- **BRIEF**
The whole listing below must be printed again exactly, images excluded.

- **DATA SECTION**
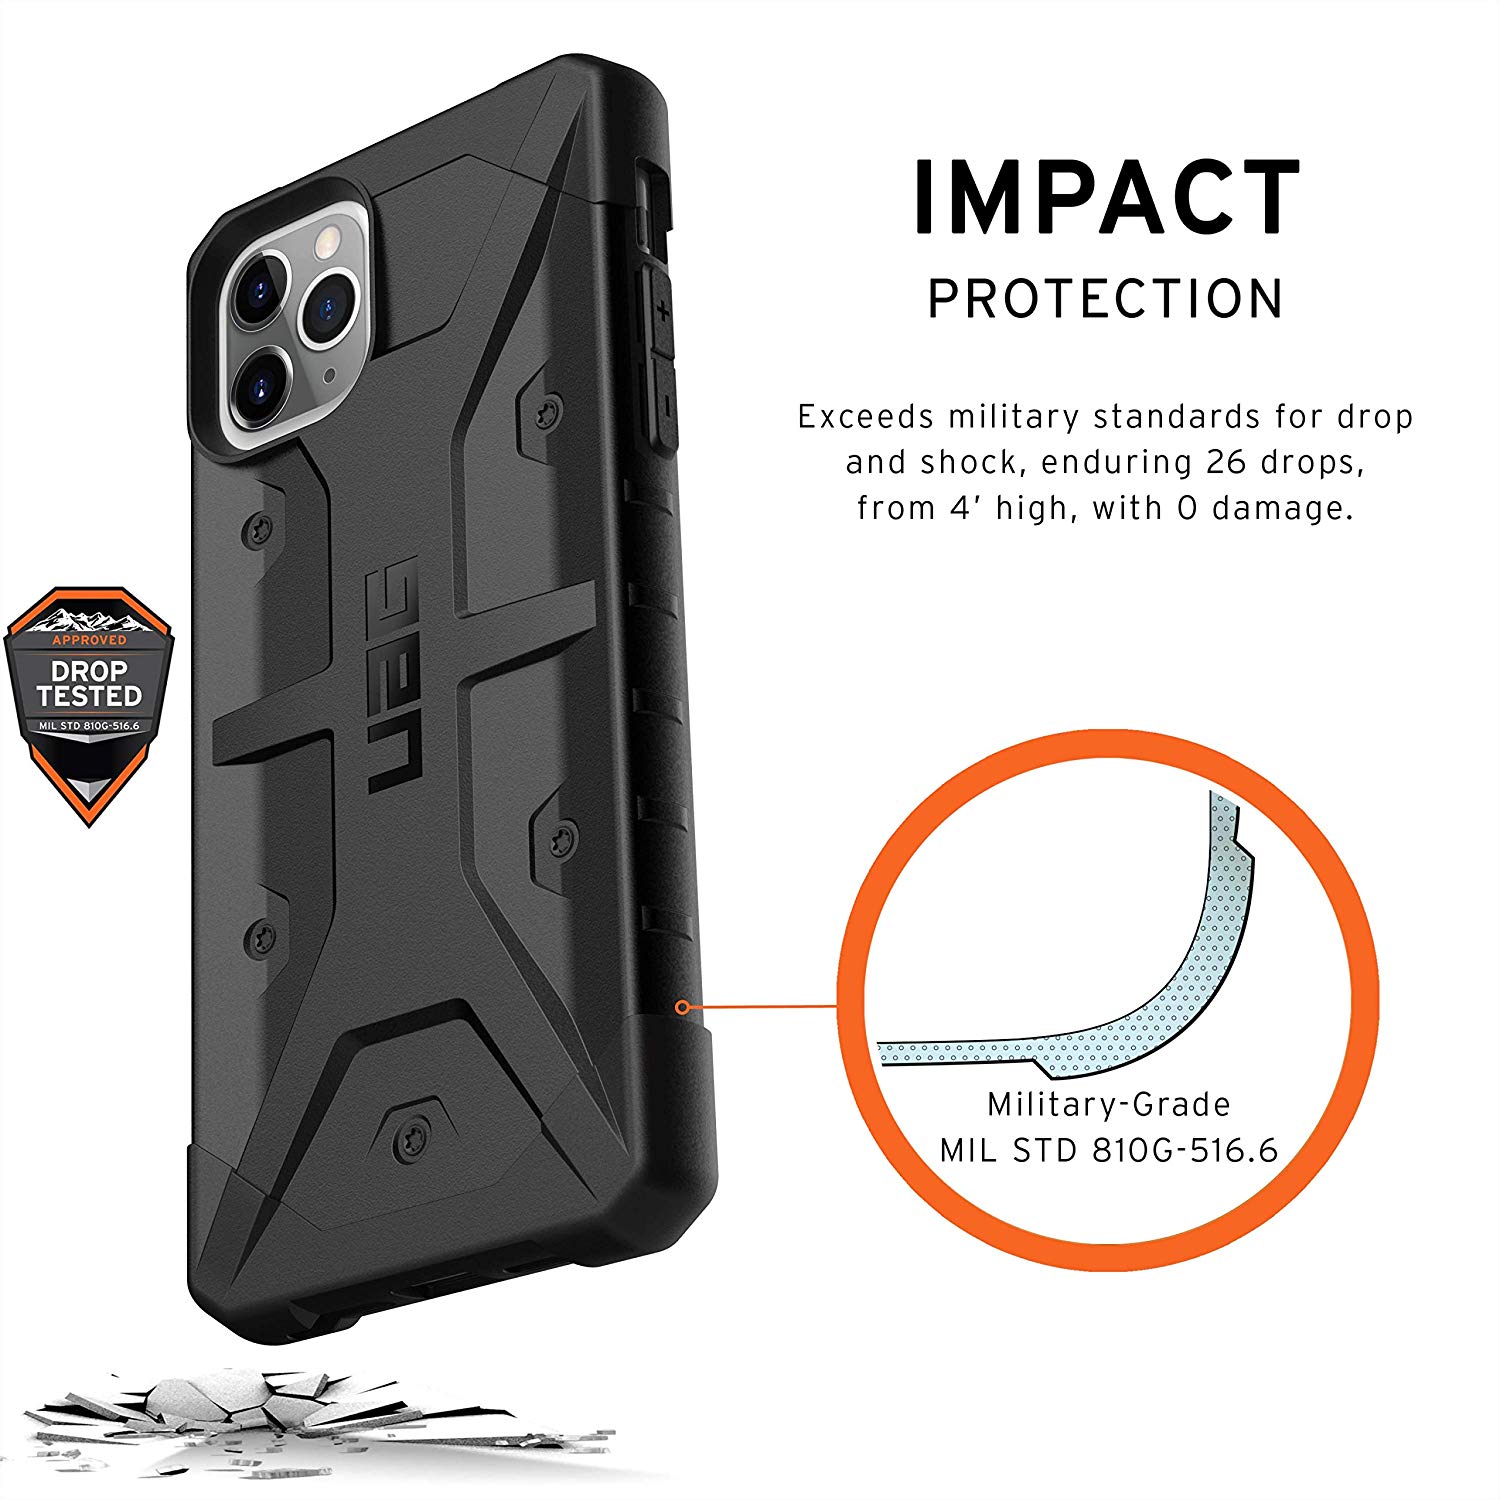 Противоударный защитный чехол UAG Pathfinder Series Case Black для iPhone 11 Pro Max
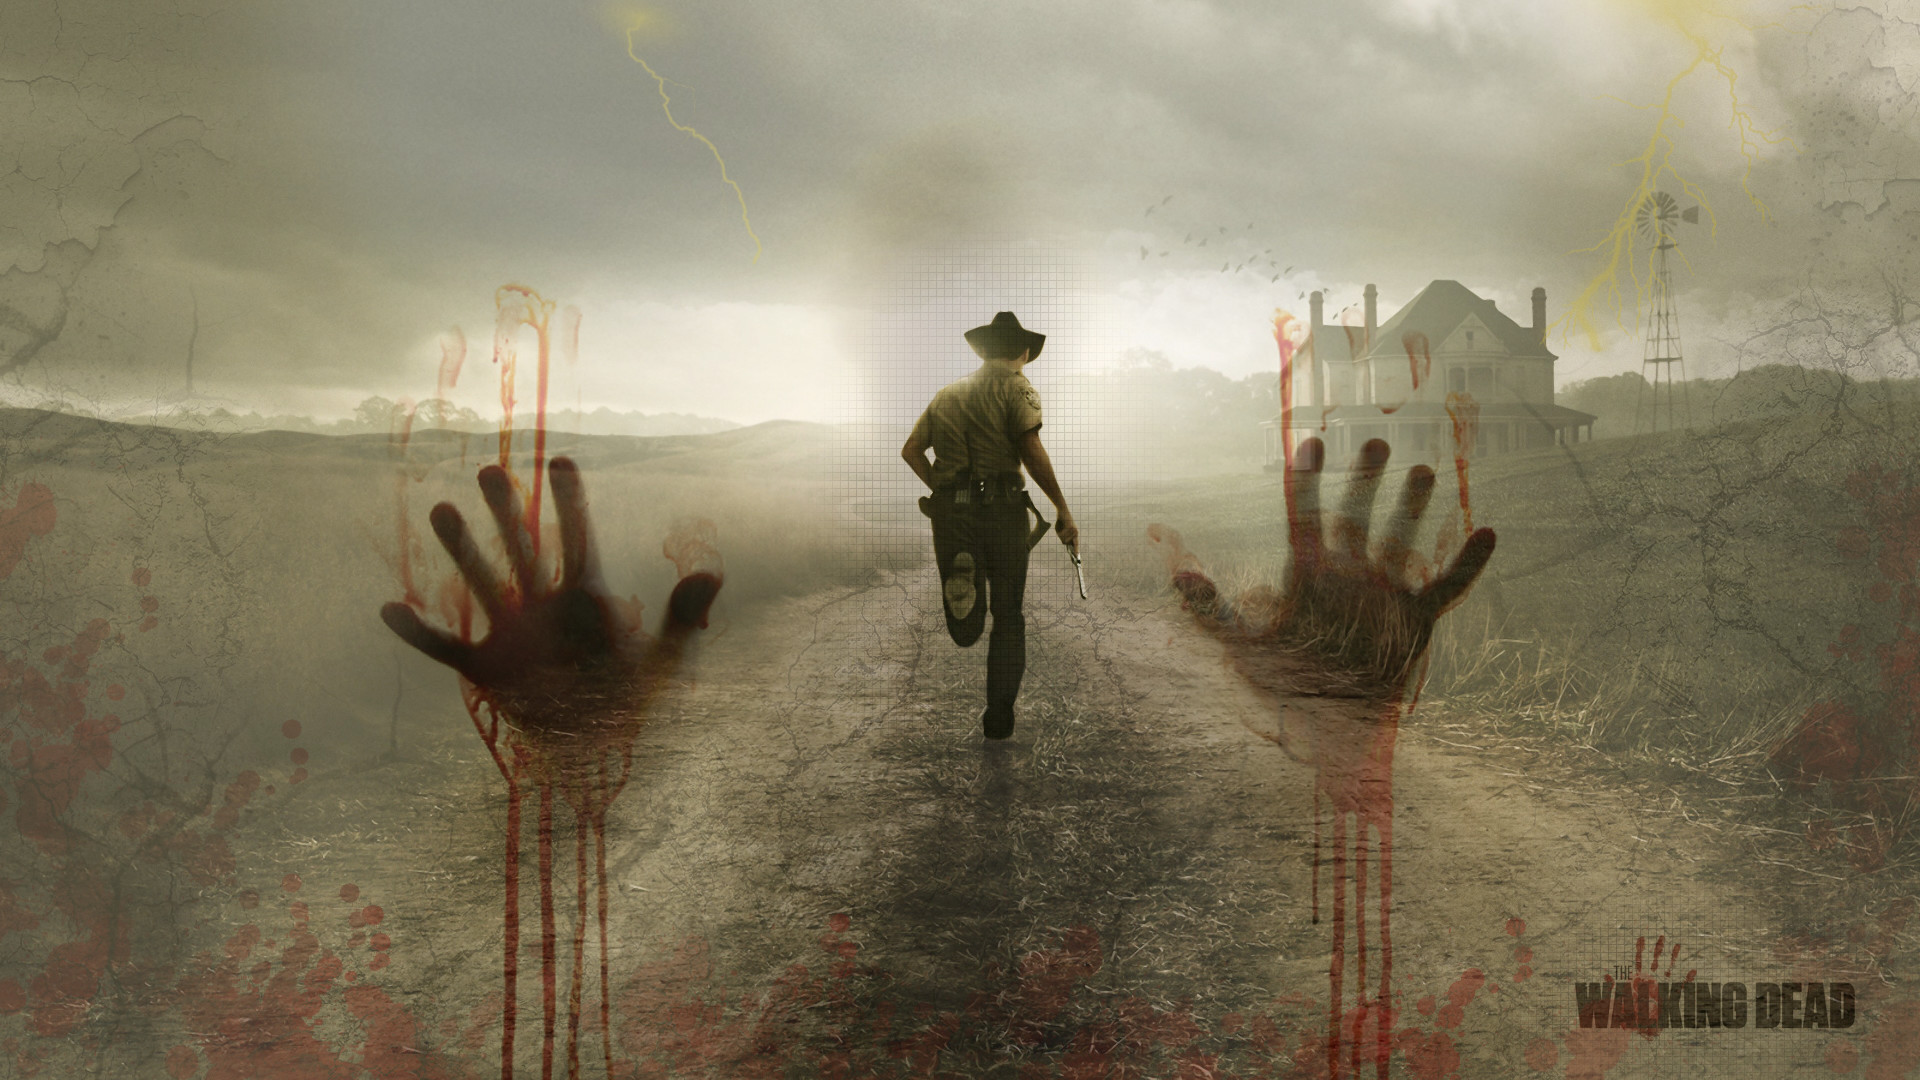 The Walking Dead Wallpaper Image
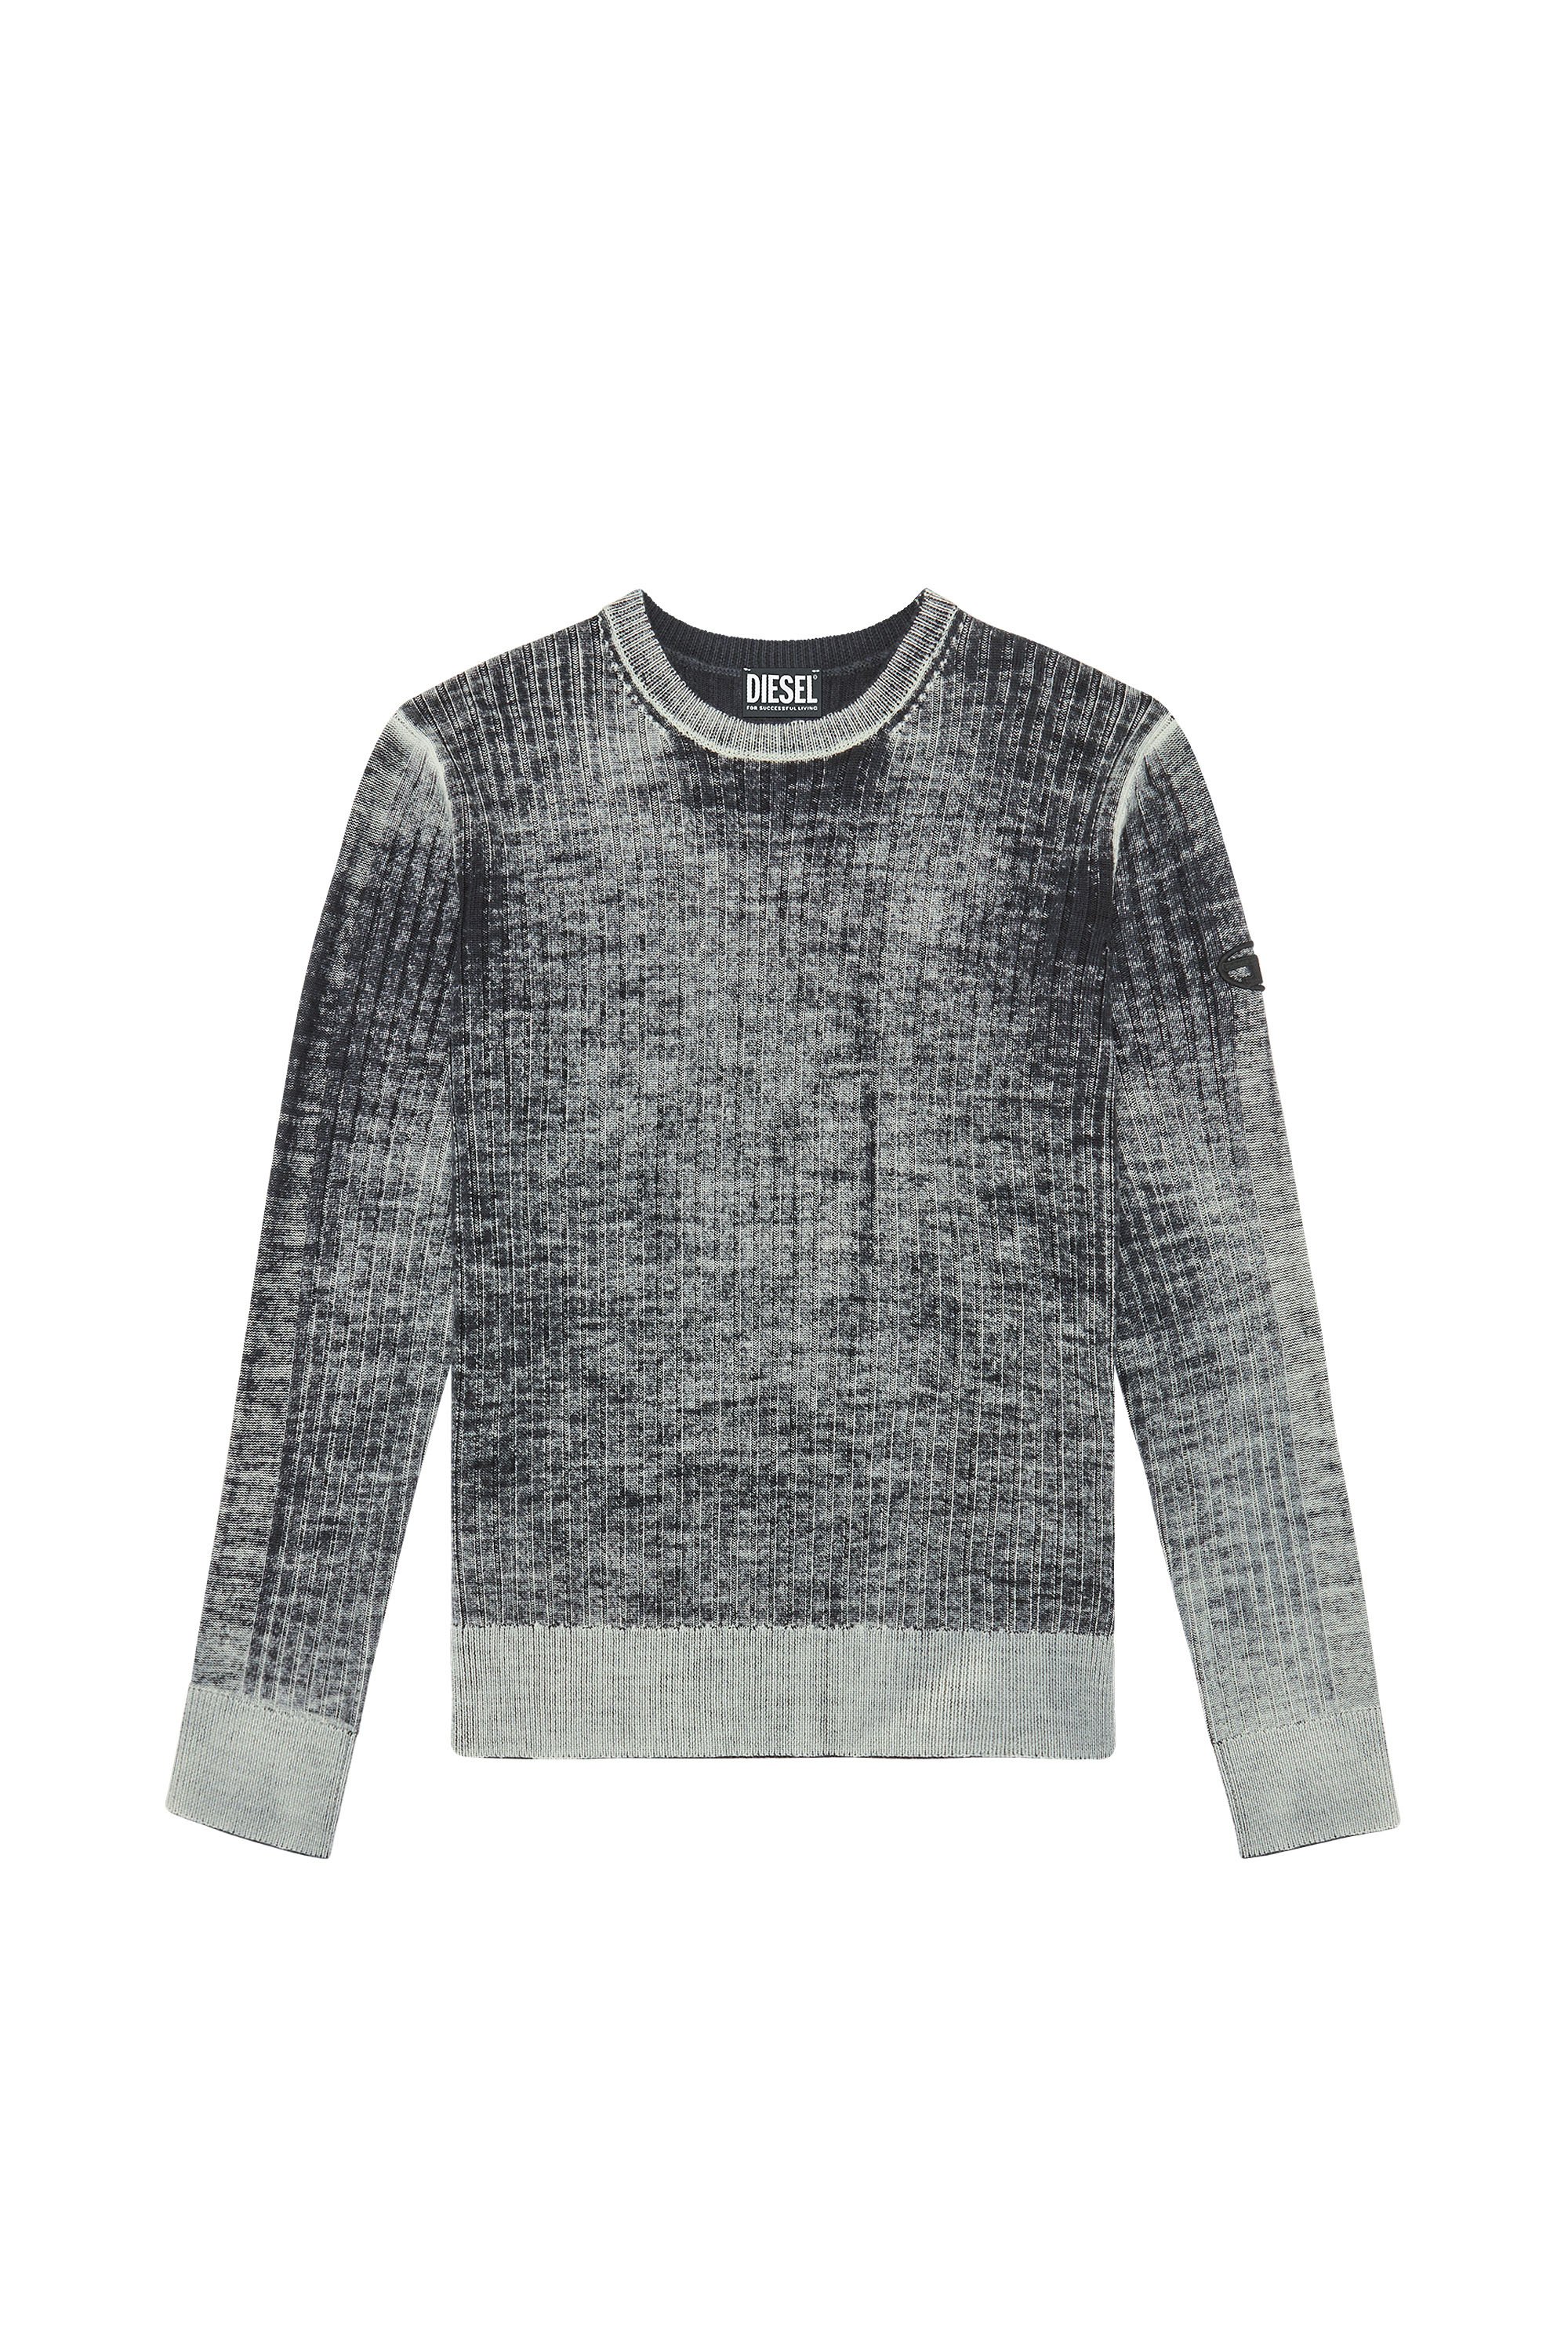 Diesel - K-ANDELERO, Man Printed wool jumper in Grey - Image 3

- **OUTPUT OF THE EXERCISE**
 Противоударный защитный чехол UAG Pathfinder Series Case Black для iPhone 11 Pro Max
 The Walking Dead Wallpaper Image
 Diesel - K-ANDELERO, Man Printed wool jumper in Grey - Image 3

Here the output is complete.